The GOES series of weather satellites have been used for decades to deliver timely, accurate, and detailed forecasts. But with the new GOES-R weather satellites, Lockheed Martin is helping the National Oceanic and Atmospheric Administration (NOAA) provide more accurate and faster forecasts than ever before.
GOES satellites orbit the Earth in a geosynchronous (Earth-orbiting) orbit and remain in the same position over the Earth’s equator.
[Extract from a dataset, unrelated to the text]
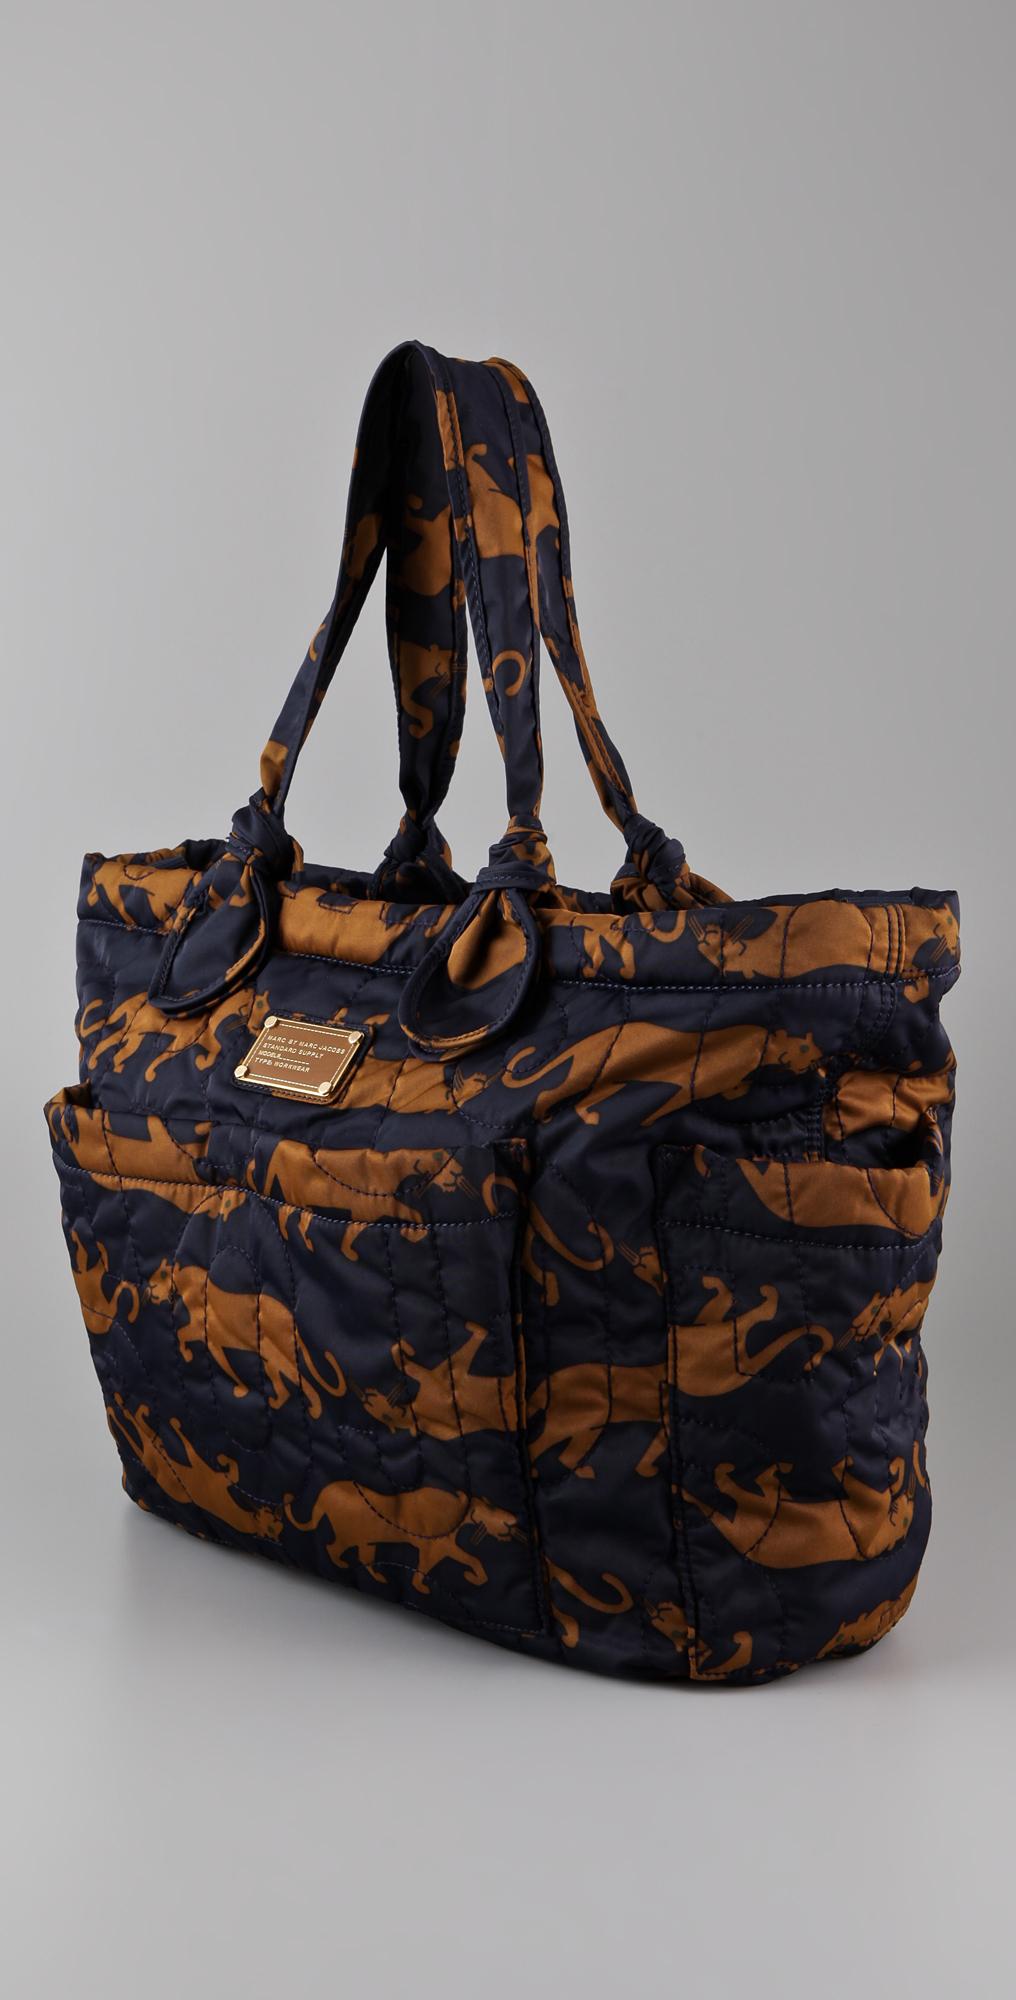 7fb7ee4cb0a1 Marc by Marc Jacobs Pretty Nylon Eliz-a-Baby Bag

They can observe the same area on the Earth’s surface every half hour, a key feature that allows them to monitor weather conditions and help predict severe storms.
In addition to observing the Earth’s surface, GOES satellites can also detect and track clouds by detecting infrared radiation from water vapor in the atmosphere. This enables them to measure cloud top temperatures and moisture levels, and determine the extent and shape of the atmospheric thermal structure that makes clouds appear brighter or darker than they actually are.
This is important because it can help meteorologists make better decisions about whether or not to issue a weather warning, such as a tornado warning, for a specific location. Additionally, GOES can provide an early look at the development of a hurricane as it approaches land.
To keep track of these changing conditions, GOES uses a combination of sensors and data relays to gather information from thousands of ground stations all over the world. Its mission is to provide critical support for weather forecasting, severe storm tracking, and meteorology research.
There are two GOES satellites that monitor the United States: GOES East, which is located above the equator at longitude 75 degrees west, and GOES West, which is located above the equator in the Pacific Ocean at longitude 135 degrees west.
GOES-East imagery is generated from a suite of six instruments including the Advanced Baseline Imager, or ABI, which produces images in 16 different wavelengths or bands. In addition, GOES-East also has an instrument for measuring space environment magnetic fields called the Space Environment In-Situ Suite or SEISS.
Another important instrument on GOES-East is the Geostationary Lightning Mapper, or GLM, which provides lightning detection and monitoring at a near-uniform spatial resolution of 10 km across North America. GOES-East also features a Sun Ultraviolet Imager, or SUVI, for monitoring the sun’s ultraviolet light and understanding solar irradiance in the upper atmosphere.
A third set of GOES-East instruments is the Enhanced Infrared Imaging Radiometer, or EIRIR, which measures infrared radiation from the atmosphere, including the water vapor in the air and the cloud tops. This enables GOES-East to detect changes in the amount of sunlight reaching the Earth’s surface, which can help predict if there will be rain or snow on the ground or at a particular location.
This information is then processed with a set of algorithms that identify and categorize clouds, and then produce the corresponding image. These images are useful for determining the speed and direction of clouds and helping meteorologists to determine how thick or thin they are.